Aha, jeszcze jedno.Tylko Rosjanie mogli pokazać rozstrzelanie wioski w górach przez baterię wyrzutni BM-21"Grad" - "amerykańcy" robią takie rzeczy przy pomocy lotnictwa.
piszac 'szmatlawce' mialam na mysli nie filmy wojenne tylko wciaz nowe glupawe komedyjki. Chodzilo mi o to, ze w kinach jest bardzo malo filmow na temat np wojny w Afganie.
Jelsi natomiast chodzi o : "Reasumując,jest to film który w jakiejś mierze może uzapełnić lukę w obrazie wojny w Afganie,tym razem widzianej oczami "człowieka radzieckiego", a nie tylko Rambo." - tak, podpisuje sie pod tym 4 łapami i bardzo sie ciesze, ze zrobili to rosjanie. Moje czepniecie sie polega tylko i wylacznie na tym, ze oni tez przeinaczaja fakty. Idac na film i znajac historie spodziewalam sie, ze akcja potoczy sie troszke inaczej. A teraz nasuwa mi sie mysl, ze podobnie jak amerykanie - tez przeinaczaja fakty.
Taki wątek już tu był dawno temu... Pisałem mniej więcej o tym samym, co Ty. Ładnych parę miesięcy temu. I też się naczytałem rosyjskich stron www. Pozdr.
Podaj jeden film fabularny oparty na faktach, który tych faktów nie przeinacza. Podkreślam, nie chodzi o filmy dokumentalne, a fabularne. Tylko jeden tytuł.
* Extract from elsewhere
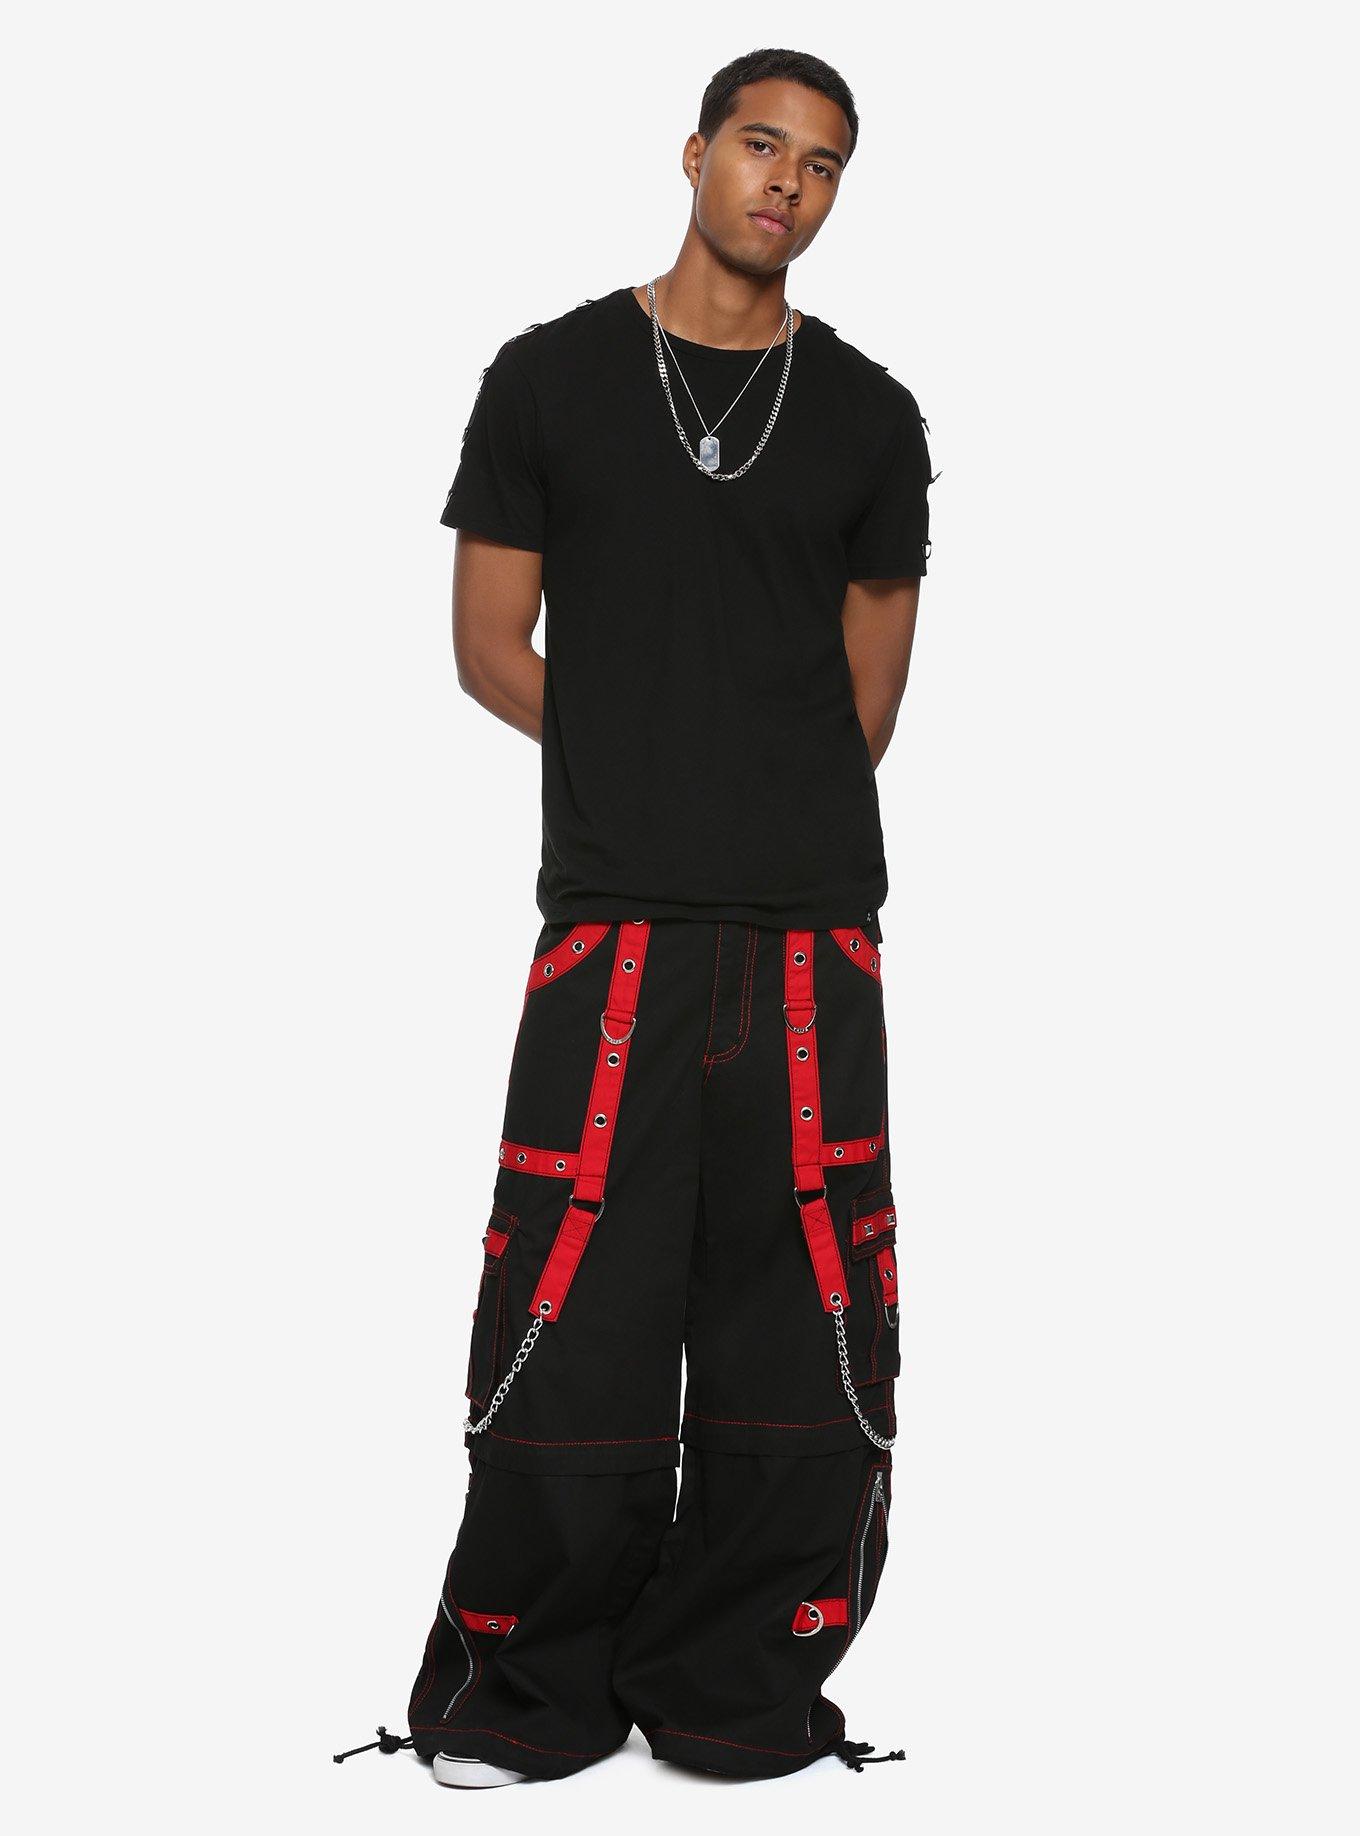 Forget Jncos. Hot-Topic Tripp chain pants were for the really cool

Otóż nie znajdziesz takiego. Scenariusz filmu fabularnego zawsze nieco wypacza historię, zmienia pewne rzeczy, część wątków pomija, inne dodaje. Często dorzuca własną interpretację zdarzeń. Taka już natura tego biznesu.
A Kompania Braci ? wprawdzie to serial ale oparty na faktach, został nakręcony na podstawie książki, której fabuła została dodatkowo poprawiona by zgadzała się z faktami historycznymi, albo, mój ulubiony film, Helikopter w Ogniu z tego co słyszałem tam również, w tym liczba zabitych, zgadza się z prawdą. Gdybym posprawdzał w encyklopedi pewnie bym znalazł jeszcze kilka tytułów, ale wystarczył ci jeden, a Kompani Braci jestem pewien.
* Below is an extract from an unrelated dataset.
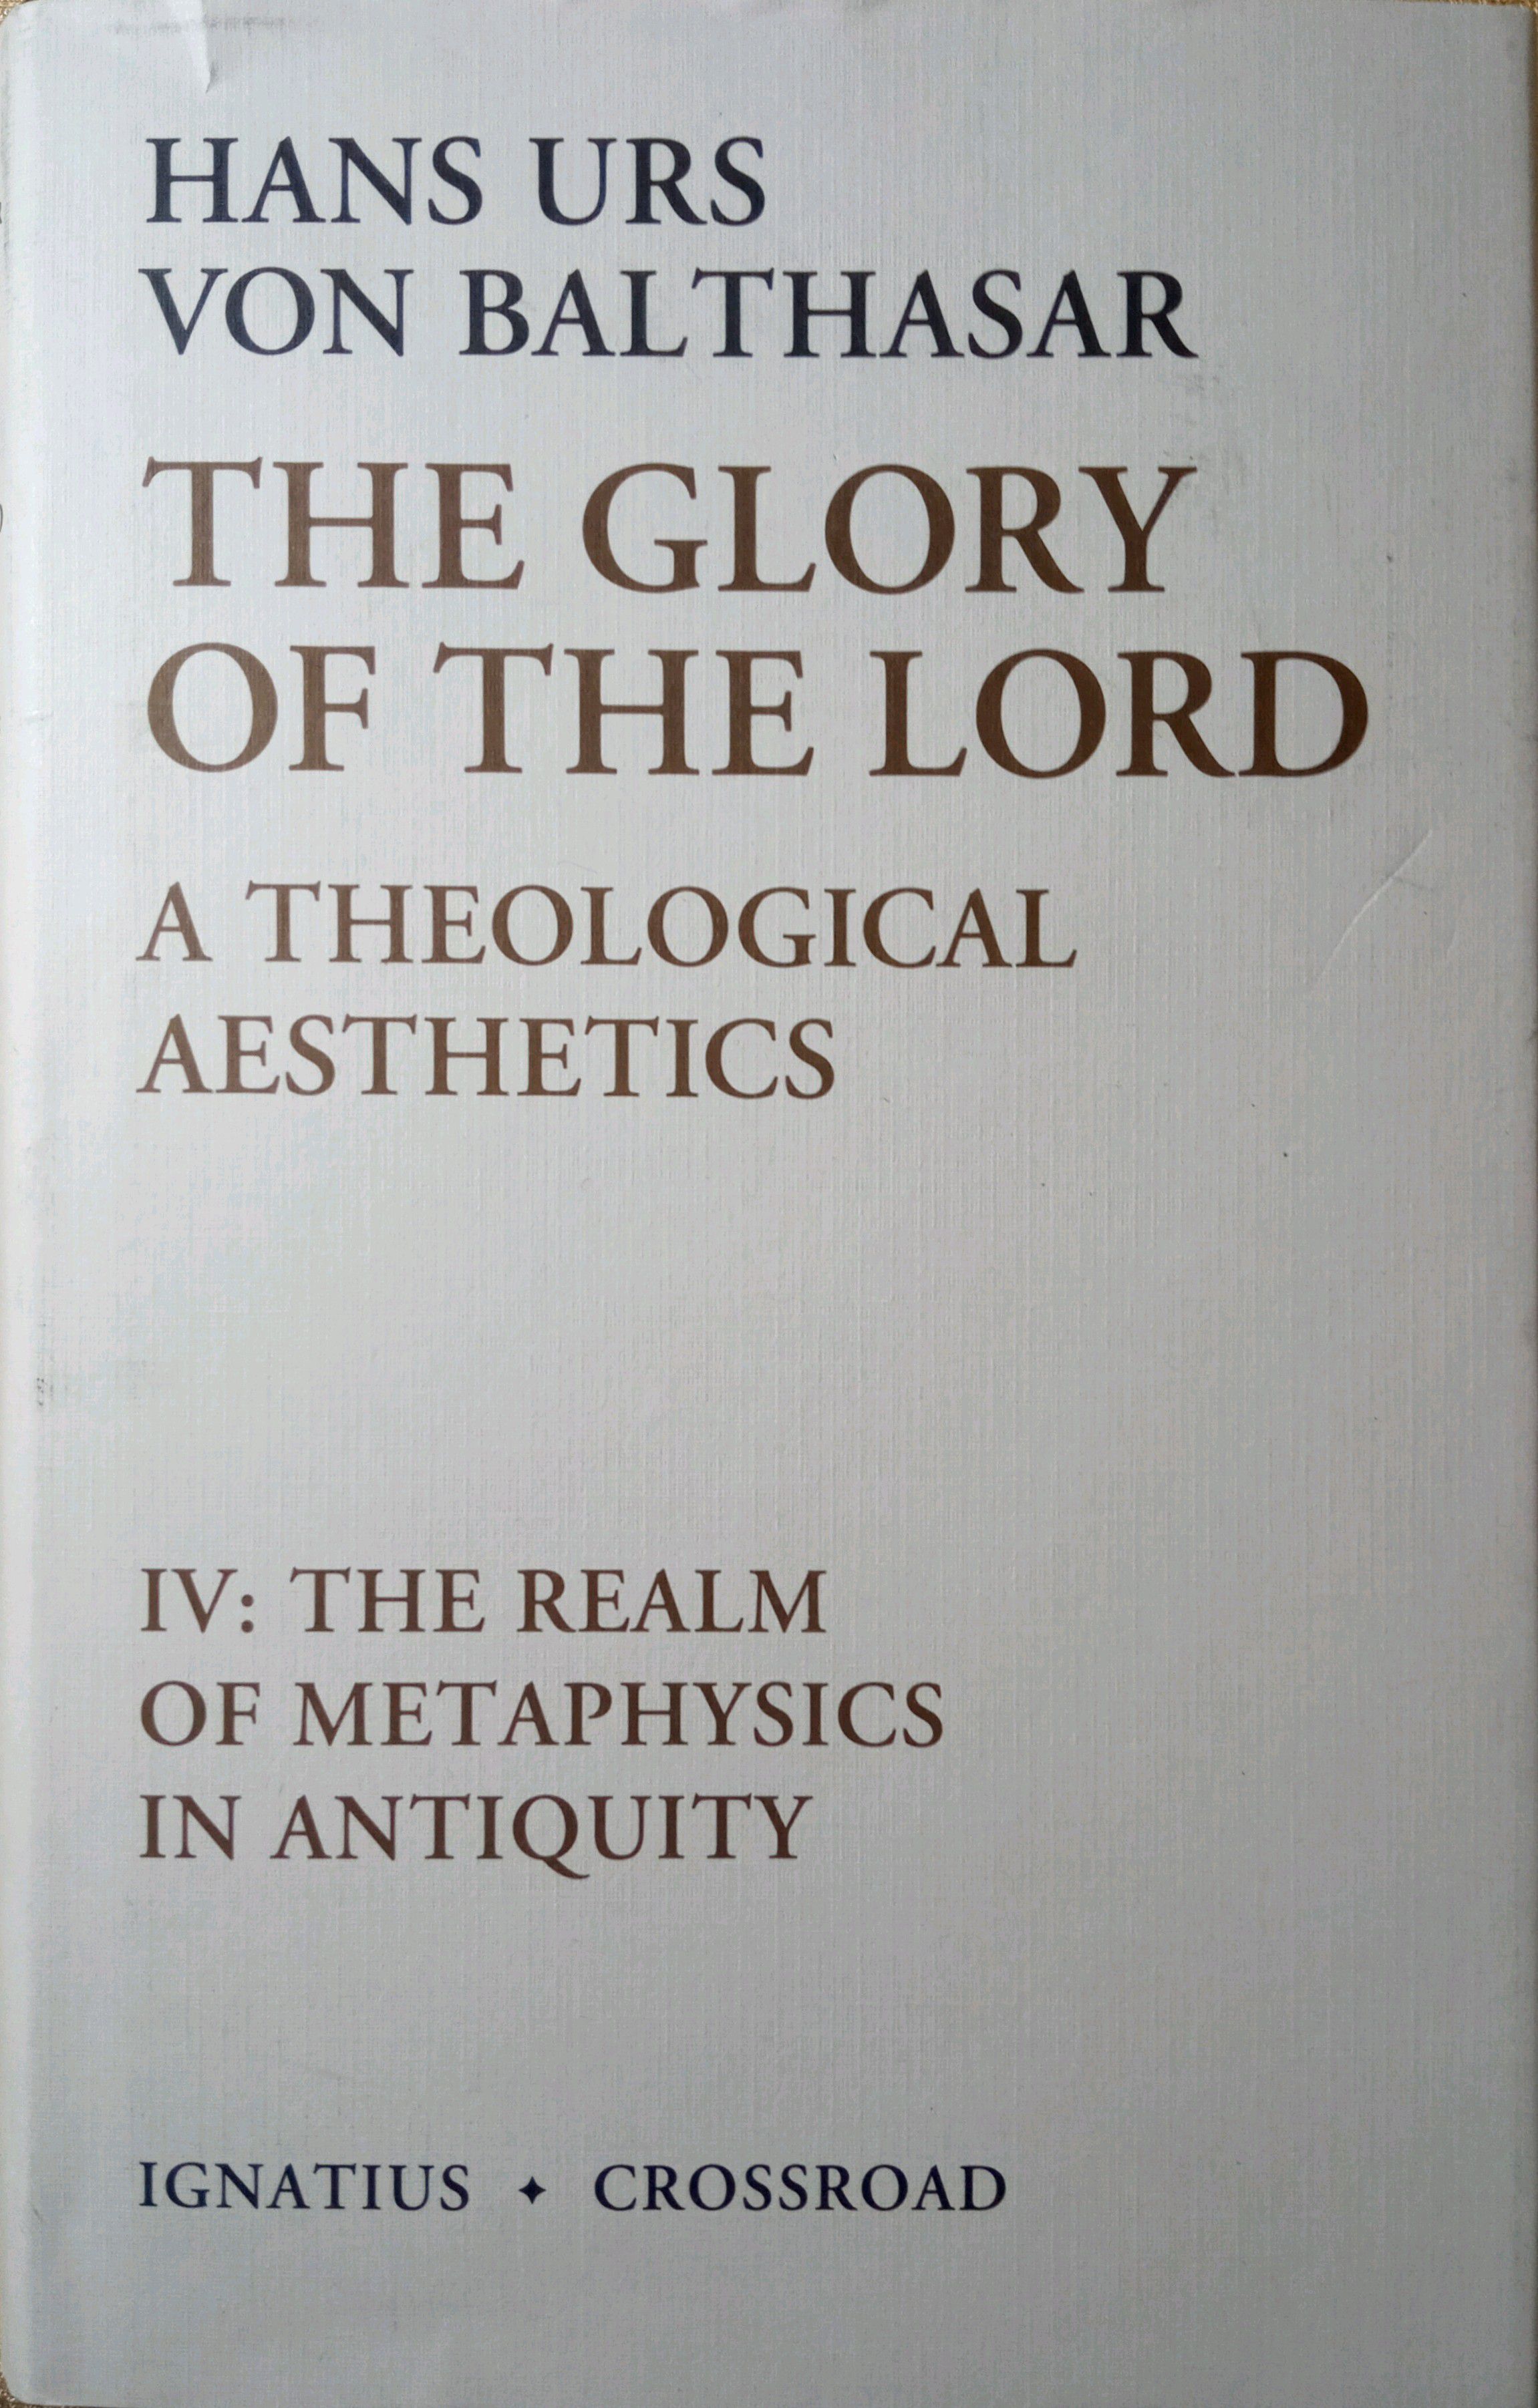 THE GLORY OF THE LORD: A THEOLOGICAL AESTHETICS. THE REALM OF METAPHYSICS IN ANTIQUITY

A propos szmatławców. Nie wiem czy wiecie ale amerykanie też nakręcili film o wojnie w Afganistanie. Niestety to raczej historyjka jak film ukazujący to piekło. Polecam z ciekawości zerknąć: http://www.filmweb.pl/Film?id=36992 [www.filmweb.pl/Film?id=...]
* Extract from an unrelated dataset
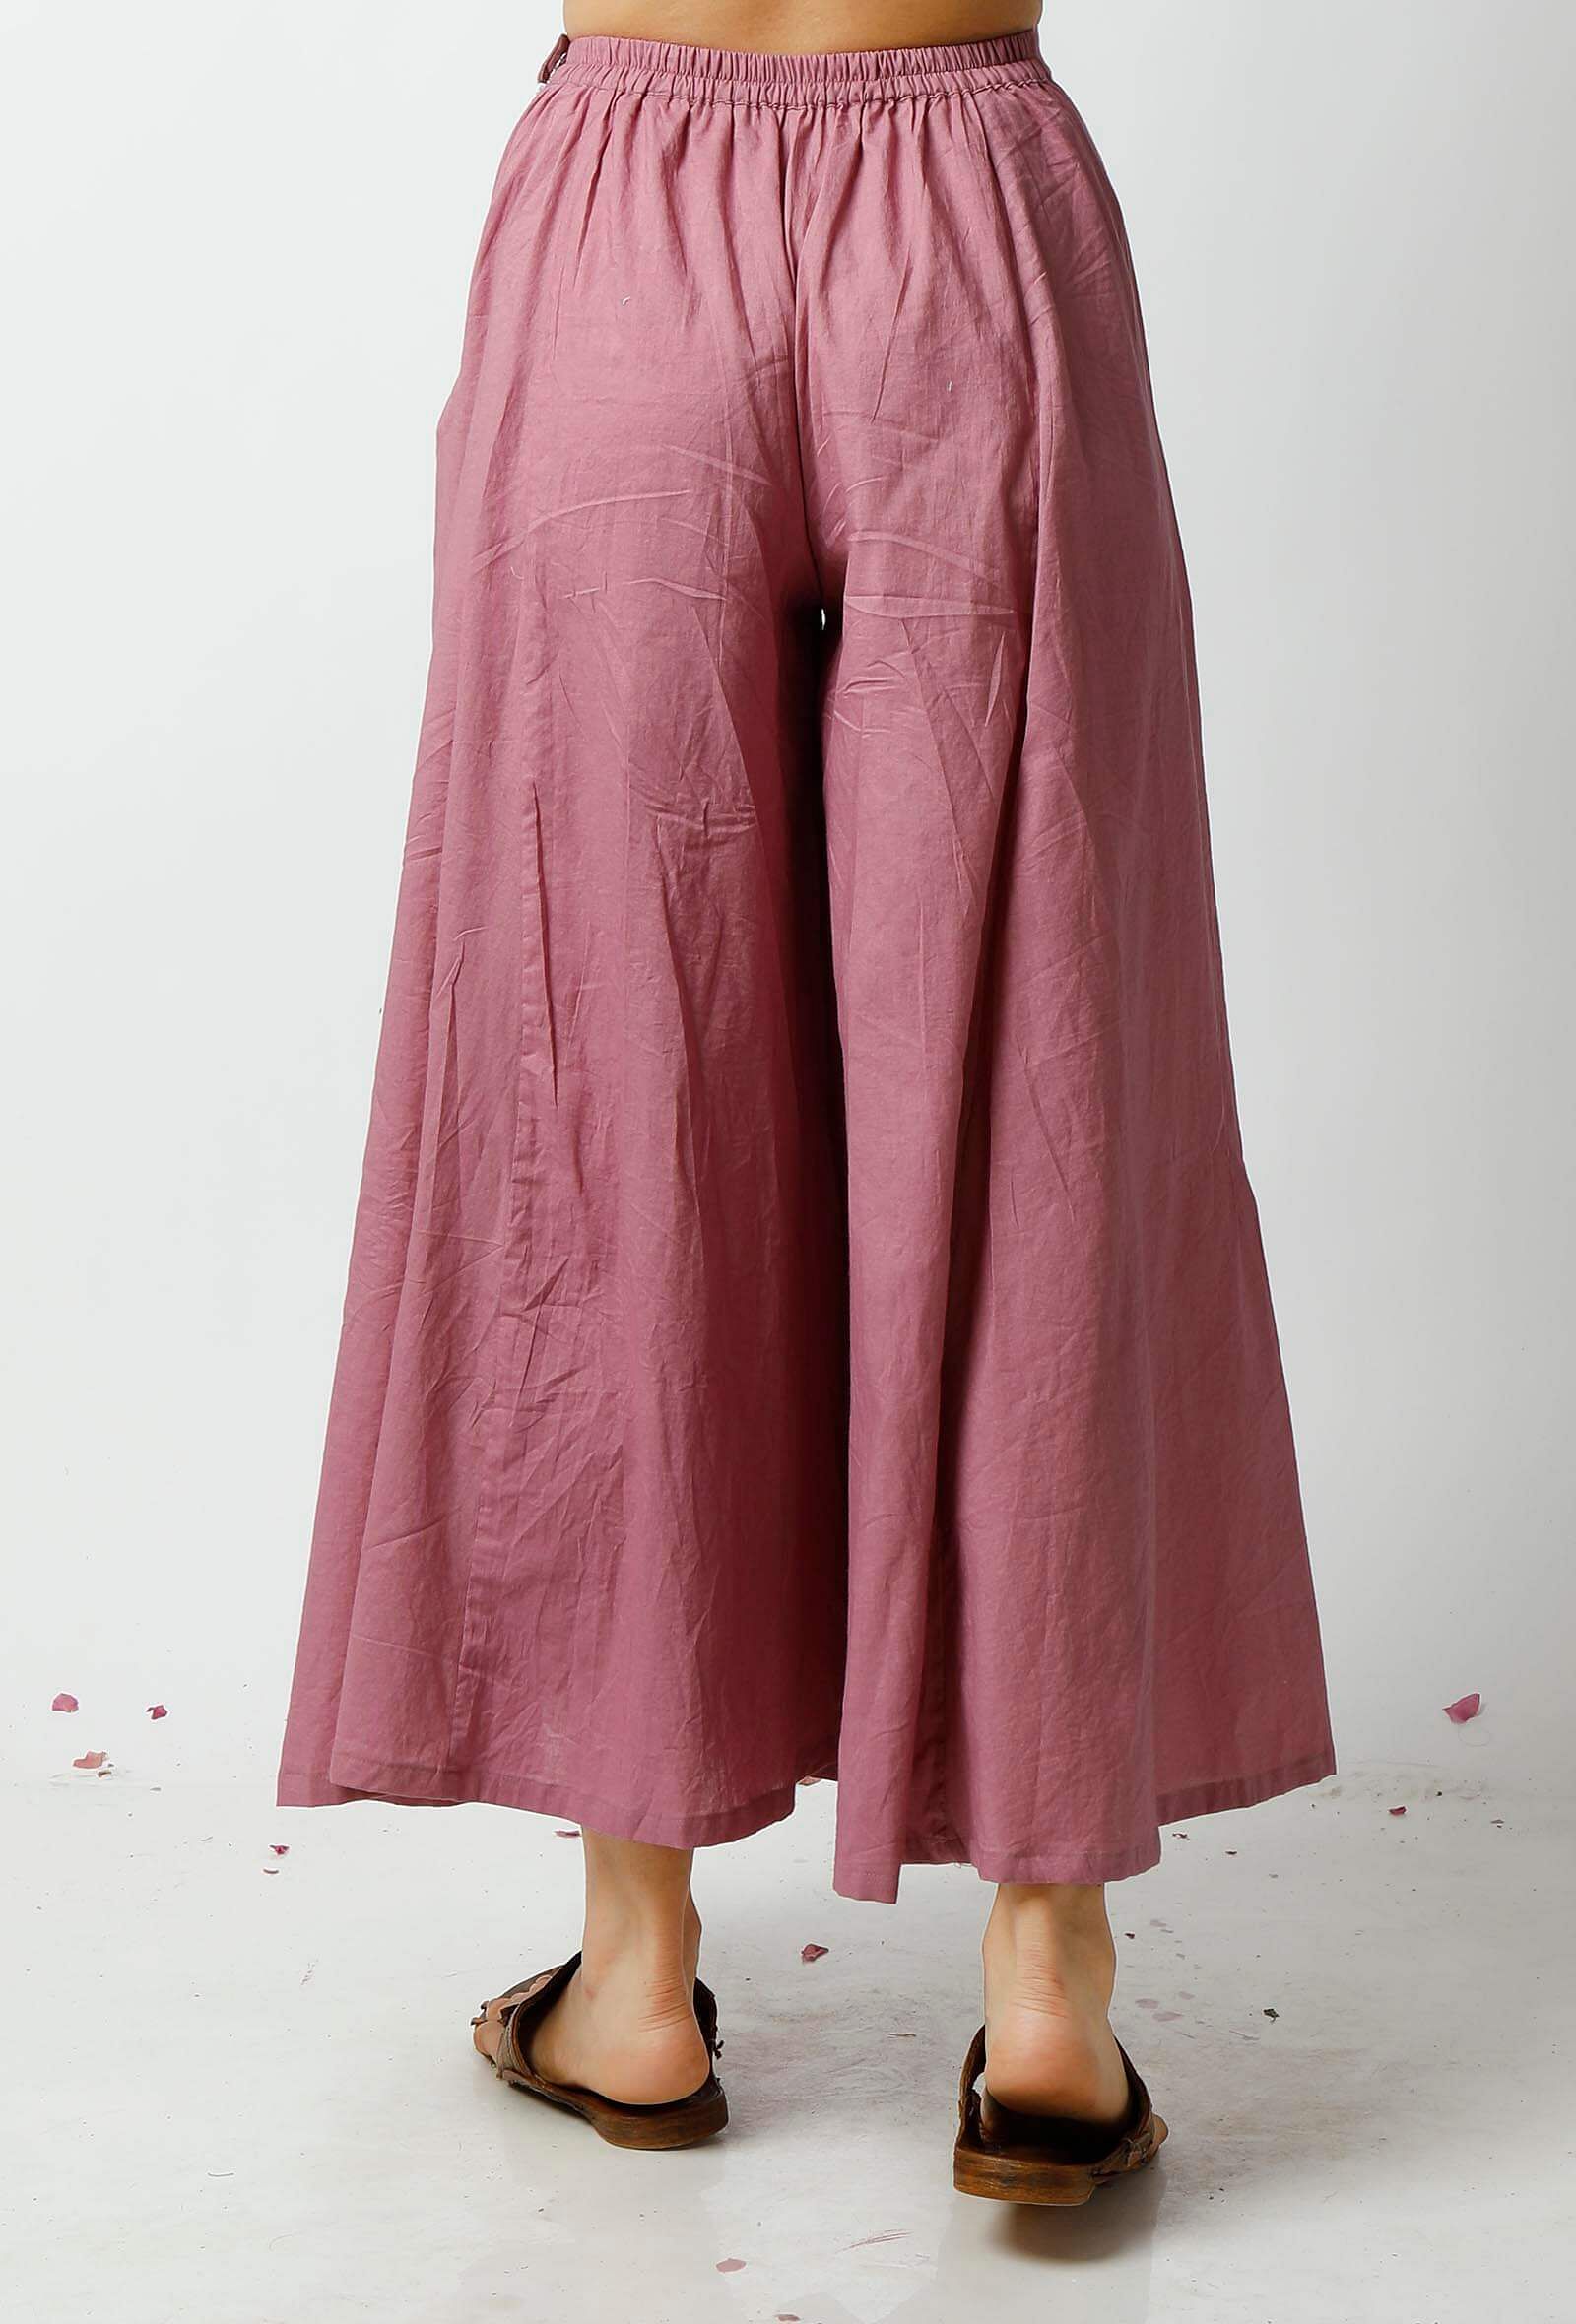 The Chaste Violet Cotton Palazzo

Masz tutaj dość obszerną stronkę o "Kompanii Braci", w której są poruszone między innymi historyczne nieścisłości:
http://www.101airborneww2.com/bandofbrothers.html [www.101airborneww2.com/...]
Poza tym możesz zerknąć na wikipedię, choć jest tam wypisane jedynie kilka błędów historycznych:
http://en.wikipedia.org/wiki/Band_of_Brothers#Historical_Errors [en.wikipedia.org/wiki/B...]
Teraz "Helikopter w Ogniu". Naprawdę myślisz, że liczba ofiar to wszystko co musi się zgadzać? Polecam obejrzeć sobie film dokumentalny z 2002 pod tytułem "The True Story of Black Hawk Down". Nie wiem, czy jest do kupienia ani czy jest na sieci, ale leciał parę razy na History Channel.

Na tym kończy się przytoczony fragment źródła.